Technically inclined students are best to focus on the Tantras, including the Hatha Yoga Pradipika, Goraksha Shataka, Hatha Tatva Kaumudi and Vijnana Bhairava. There are over 800 Tantras. A broad approach would take all of these classes of texts into consideration but not at the same time but sequentially.
Finally, it must be said that the Indian and yogic culture is not the only keeper of such knowledge. In fact, the knowledge of inner freedom was handed down in such diverse cultures such as the Maya, Sufi, Hebrew, Chinese, Japanese, Tibetan, Native American and many more. From a certain point of progress the yogic student would benefit to consult those ones as well. Initially such broad approach would be too confusing, though.
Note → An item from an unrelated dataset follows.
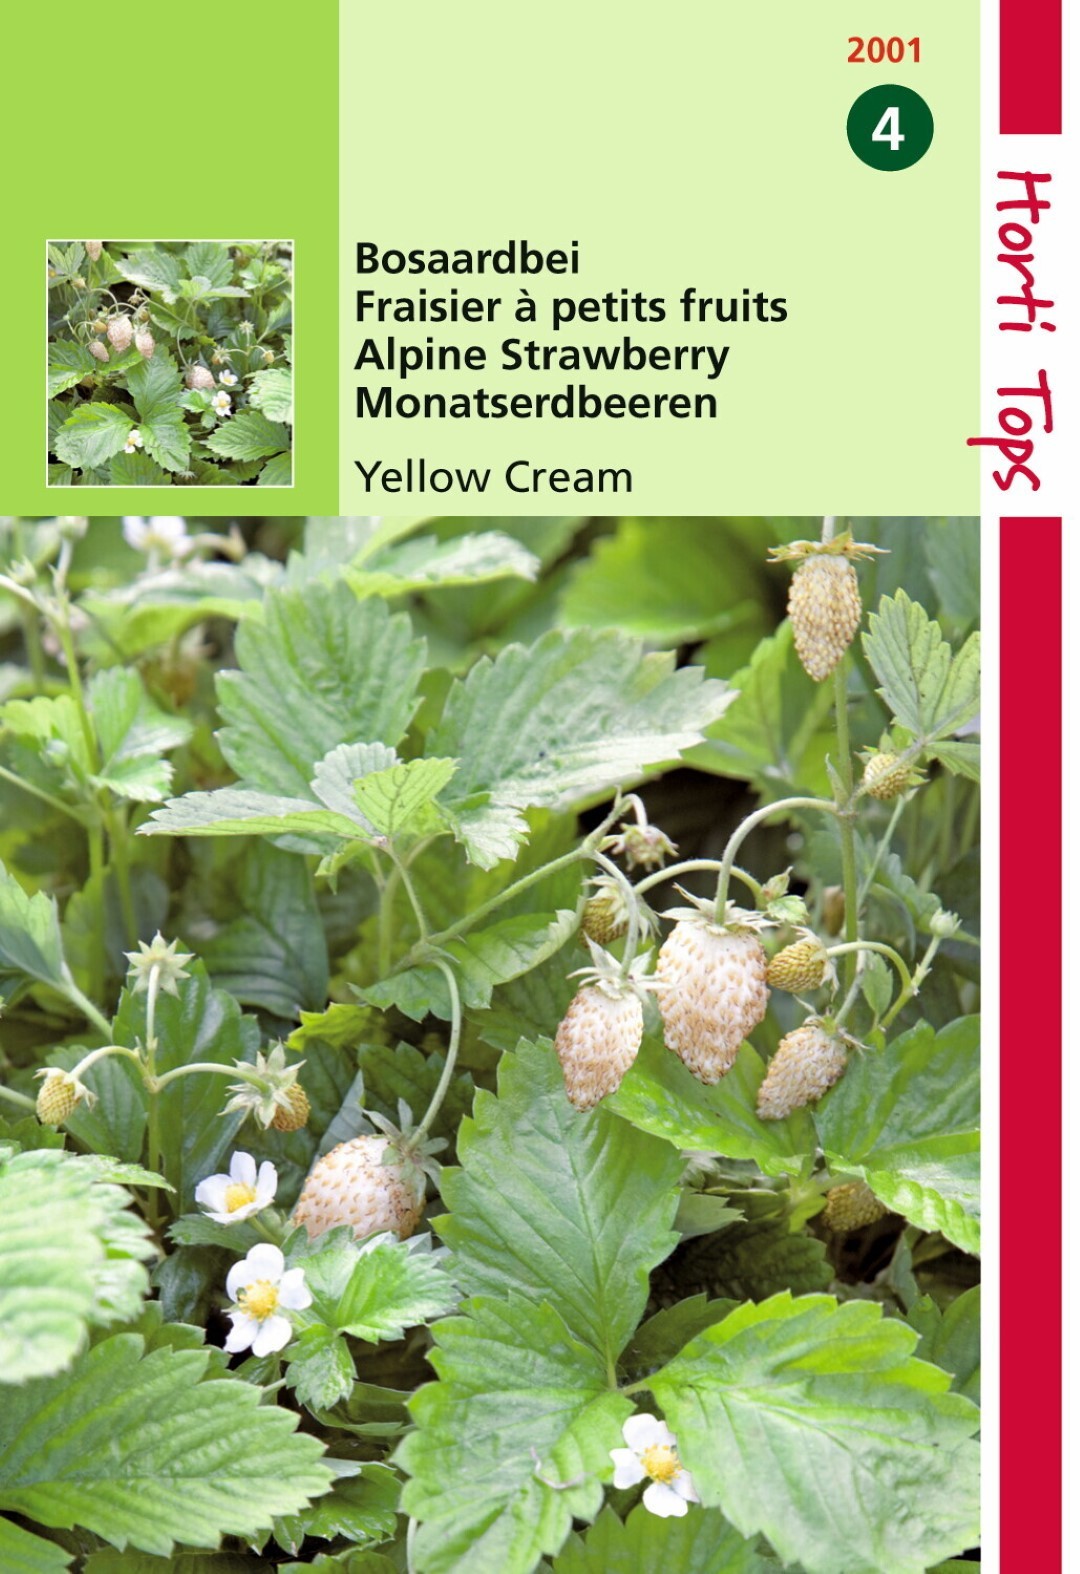 Hortitops Aardbeien Yellow Cream -

They should study what their teacher suggests but also what speaks to them personally whether the Bible, Quran, Bhagavad Gita, Lam Rim Chemo, Upadesa Sahasri, Tao De ching, Samkha Karika, Theory of the Earth, Walden, it doesn’t matter so much which one as there are loads and loads of books to study, but it should bring peace, even though it might be a struggle to understand the material. Finally, I might add that His Holiness the Dalai Lama mentions that you should follow the spiritual path of your family. Our parents are our first teachers. Following his advise not only might it make things easier for all parties, it might be worth investigating some things they thought were cool, then perhaps reinvestigating in them again and again throughout ones life to potentially dig a bit deeper.
As you have probably guessed, my favorite, as far as Ashtanga is concerned, is the Yoga Sutras of Patanjali. I had a great piece of advice from authorized Ashtanga teacher Greg Nardi. He said to just read every version of the Sutras I could get my hands on because each commentator will have a different perspective. Every time I read a verse, I see something I didn’t see before. If you find scriptures to be daunting, you are not alone. In my opinion, the best way to read them is one verse at a time. Instead of reading it like a book in big chunks, read a verse and sit with it. I will tell you a secret. I am not good at multi tasking or taking on too much at once. It helps for me to focus on one book at a time.